AbbVie (NYSE: ABBV) Wins European Regulator Backing for MAVIRET in Acute Hepatitis C

AbbVie announced a positive Committee for Medicinal Products (CHMP) opinion for MAVIRET (glecaprevir/pibrentasvir) to treat acute hepatitis C infection, clearing a key regulatory hurdle in Europe. The CHMP recommendation paves the way toward European Commission approval, expanding the approved uses of the existing antiviral therapy.

By the Numbers

• CHMP positive opinion issued for acute hepatitis C indication
• Stock traded at $219.53 on Friday, May 22, up 2.35% from the previous close of $214.50
• MAVIRET already approved for chronic hepatitis C treatment, now under review for acute cases

Why It Matters

The CHMP recommendation is a regulatory win that validates MAVIRET's clinical profile beyond chronic infection. If approved by the European Commission, the expanded indication could open a new patient population and drive incremental revenue from acute hepatitis C cases, which represent an unmet treatment need in Europe.

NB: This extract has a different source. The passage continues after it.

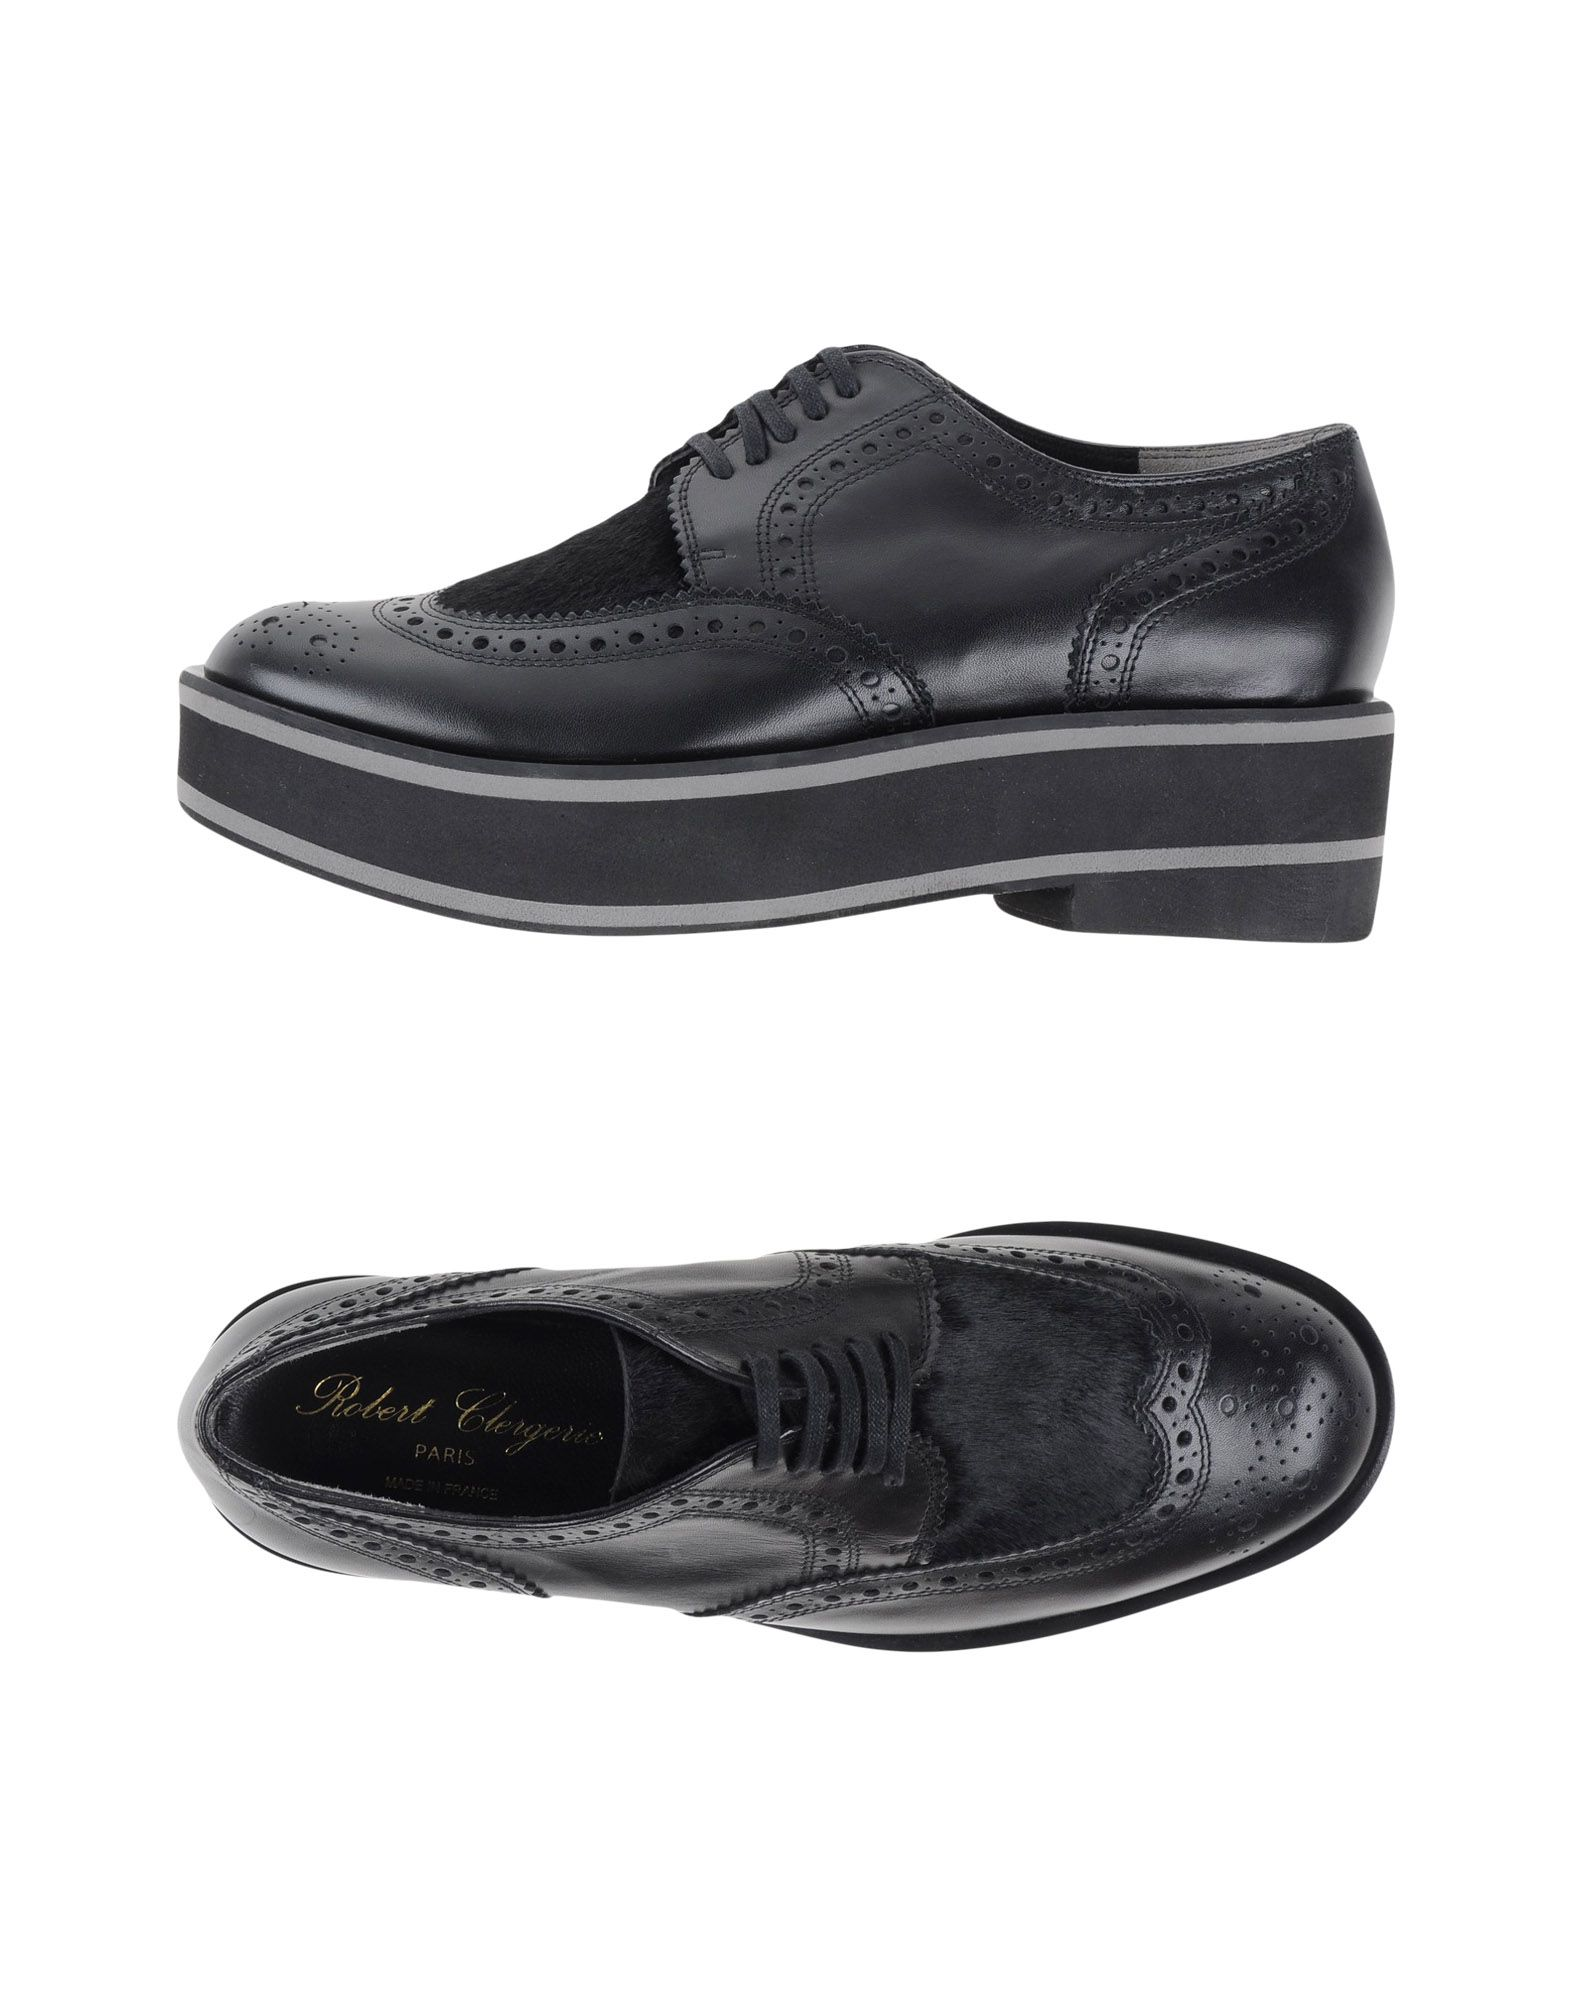 nxn nike ressortissants xc - Robert Clergerie Femme - chaussures, compens��es, sandales, etc. en ...

AbbVie's pipeline breadth across infectious disease remains central to offsetting revenue pressure in other therapeutic areas. A positive CHMP opinion strengthens the company's regulatory momentum heading into the second half of 2026.

Investor Takeaway

The CHMP recommendation reduces regulatory risk for this label expansion. European Commission approval is likely but not certain; investors should monitor the timeline. Success here demonstrates ongoing clinical validation of MAVIRET and adds a new revenue stream to AbbVie's marketed portfolio.